But unless im stopped i wont answer the phone while im riding. Theres just to much going around me when im riding in the city..


----------



## DrRoebuck (May 10, 2004)

meat tooth paste said:


> I just pull over and talk, then hop back on the bike and continue my "work day"


Yup. I love sitting at the bridge in the Marina, telling a panicked client how busy I am and that they'll have to wait until tomorrow. Meanwhile, there are jets roaring overhead, bike bells going off and Latino fishermen yelling at each other. My clients must thing I'm the most incompetent computer consultant, considering as far as they know all my other clients are constantly having "virus attacks" or "server crashes."

Yeah.

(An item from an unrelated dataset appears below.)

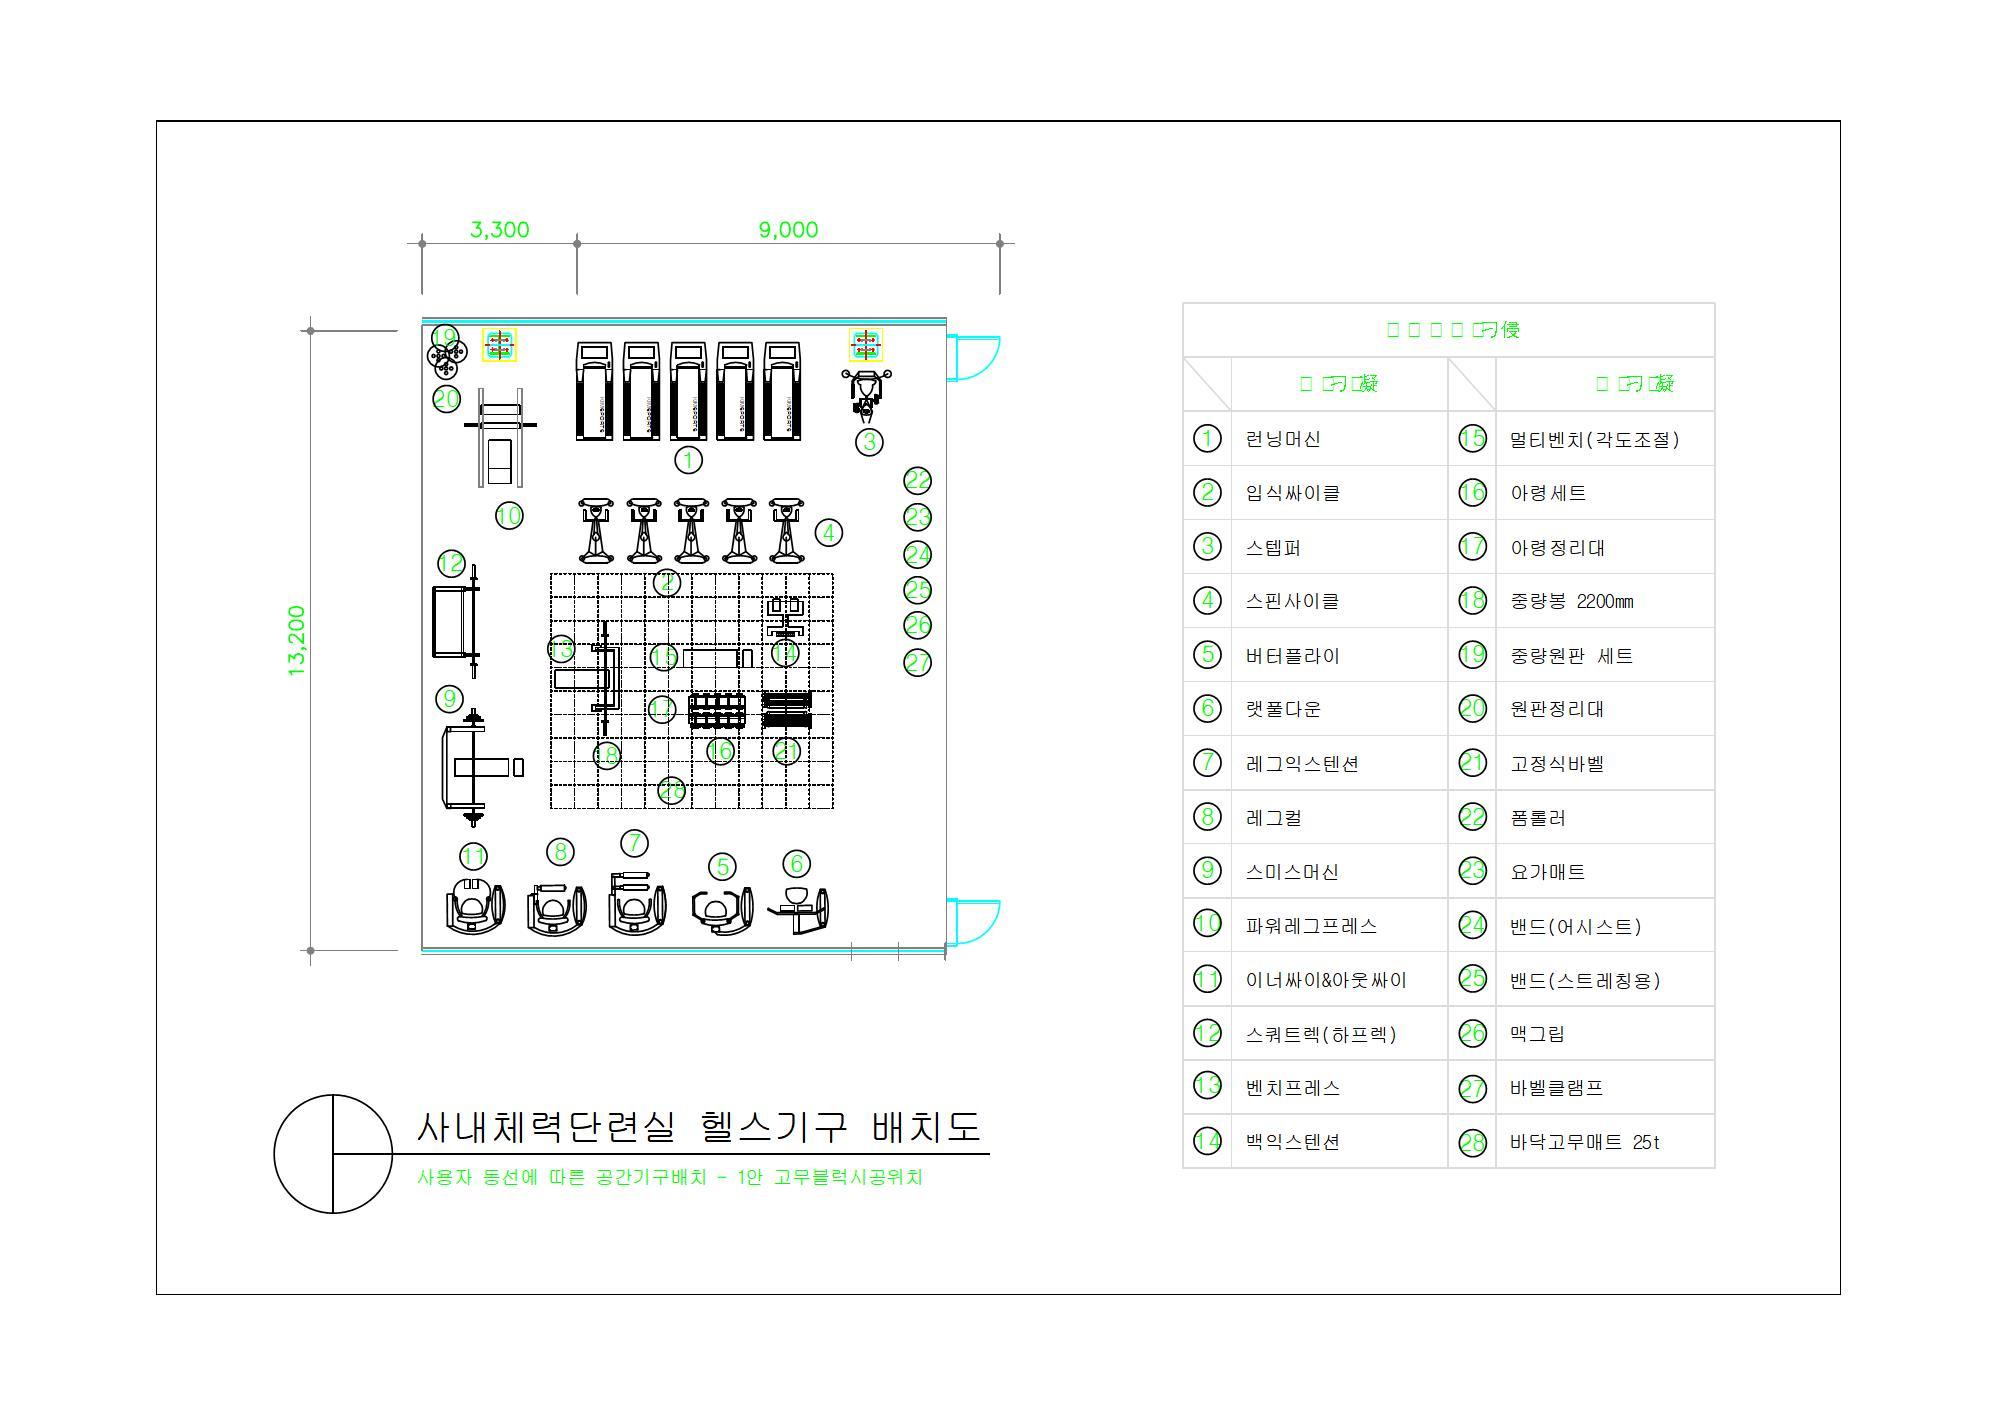 킴스포츠-헬스기구배치도-Model-1안(고무블럭)_1.jpg

I'm reeeeeaaaal busy.


----------



## mb168 (Jan 3, 2005)

onrhodes said:


> I go with the K.I.S.S. philosophy. I don't own, not do I ever intend on owning a cell phone. If people need to get in touch with me then leave a message for me at home.
> I don't belive that I need to be in constant contact with people and always have a phone on me.
> The whole argument of using them for emergencies, etc seems weak to me. We got along without cell phones for decades. If you ask me that is why there are pay phones and 1-800-collect.
> Just my 2 cents, and I understand that I am in the minority here. I just don't see the usefullness of a cell phone (other then another $40 a month bill to pay).


We didn't have bicycles, computers, or indoor plumbing for thousands of years and survived just fine too. I suppose if you ride in the city with pay phones readily available and traffic passing by everywhere you have a minor point. I ride down roads where the nearest payphone is 15 miles away, you may not pass a house for miles, or have a car pass you in 20-30 minutes. I'd hate to be lying there on the side of the road in the middle of no where, nowhere to crawl to, and no one to stop and help for who knows how long and thats if you could flag them down lying in the ditch. Heck yeah its a safety issue. I'd pay $40 a month for the rest of my life not to die in a ditch today.


----------



## Scot_Gore (Jan 25, 2002)

I turn mine off while riding. The few times I've had it on it's been too tempting to answer it when it rings. Like you say, it dosn't take much skill to reach back and answer the phone, so when it rings I find myself reaching for it. I've gotten in the habit of turning it off and checking for missed calls at rest points.

Scot


----------



## Markus Mudd (Dec 18, 2004)

northcoast said:


> Lately I've been noticing more and more cyclists talking on the phone while riding. Is it just me or do we commuters have a sort of collective hate for cell phones while riding/driving since so many of our close calls are caused by cell phone yapping motorists? Yesterday I saw a dude on a beautiful track bike riding with no hands down Fairfax talking on his cell. Don't get me wrong, I have a cell phone and enough skill to talk while riding, but I just don't. Wadaya all think?
> Included a pic for the heck of it.




I was on an organized ride in Cincinnati last summer (The Morning Glory) and saw a dude flyin' by whilst talking on a cell phone. He paid no attention to the stop sign in front of him and the fact that the other traffic had no stop sign as he blasted on through without slowing down. Cars squeeled and scattered to avoid running over our distracted friend. It scares me that drivers could possibly be anywhere near as oblivious as this guy was!! 

Mark


----------



## Cerddwyr (Jul 26, 2004)

On long rides my cell phone is in a zip lock in my jersey. OFF! It is there to call for help, ideally for other people, as I don't know that I need help if I can work the phone. When I am riding for work, I carry the phone turned on, and will pull over to answer only if I am expecting/dreading a call. Mostly I just check messages when I stop for coffee or get to a client. I will NEVER talk on the phone while riding. And I will have no sympathy for someone who dies while doing so. Stupidity like that deserves a dose of Darwinism.

Gordon


----------



## Argentius (Aug 26, 2004)

*Harsh!*

The teeth in some of these replies!

Yeah, okay, so I'm with you on blowing through stopsigns at thirty on a cellphone...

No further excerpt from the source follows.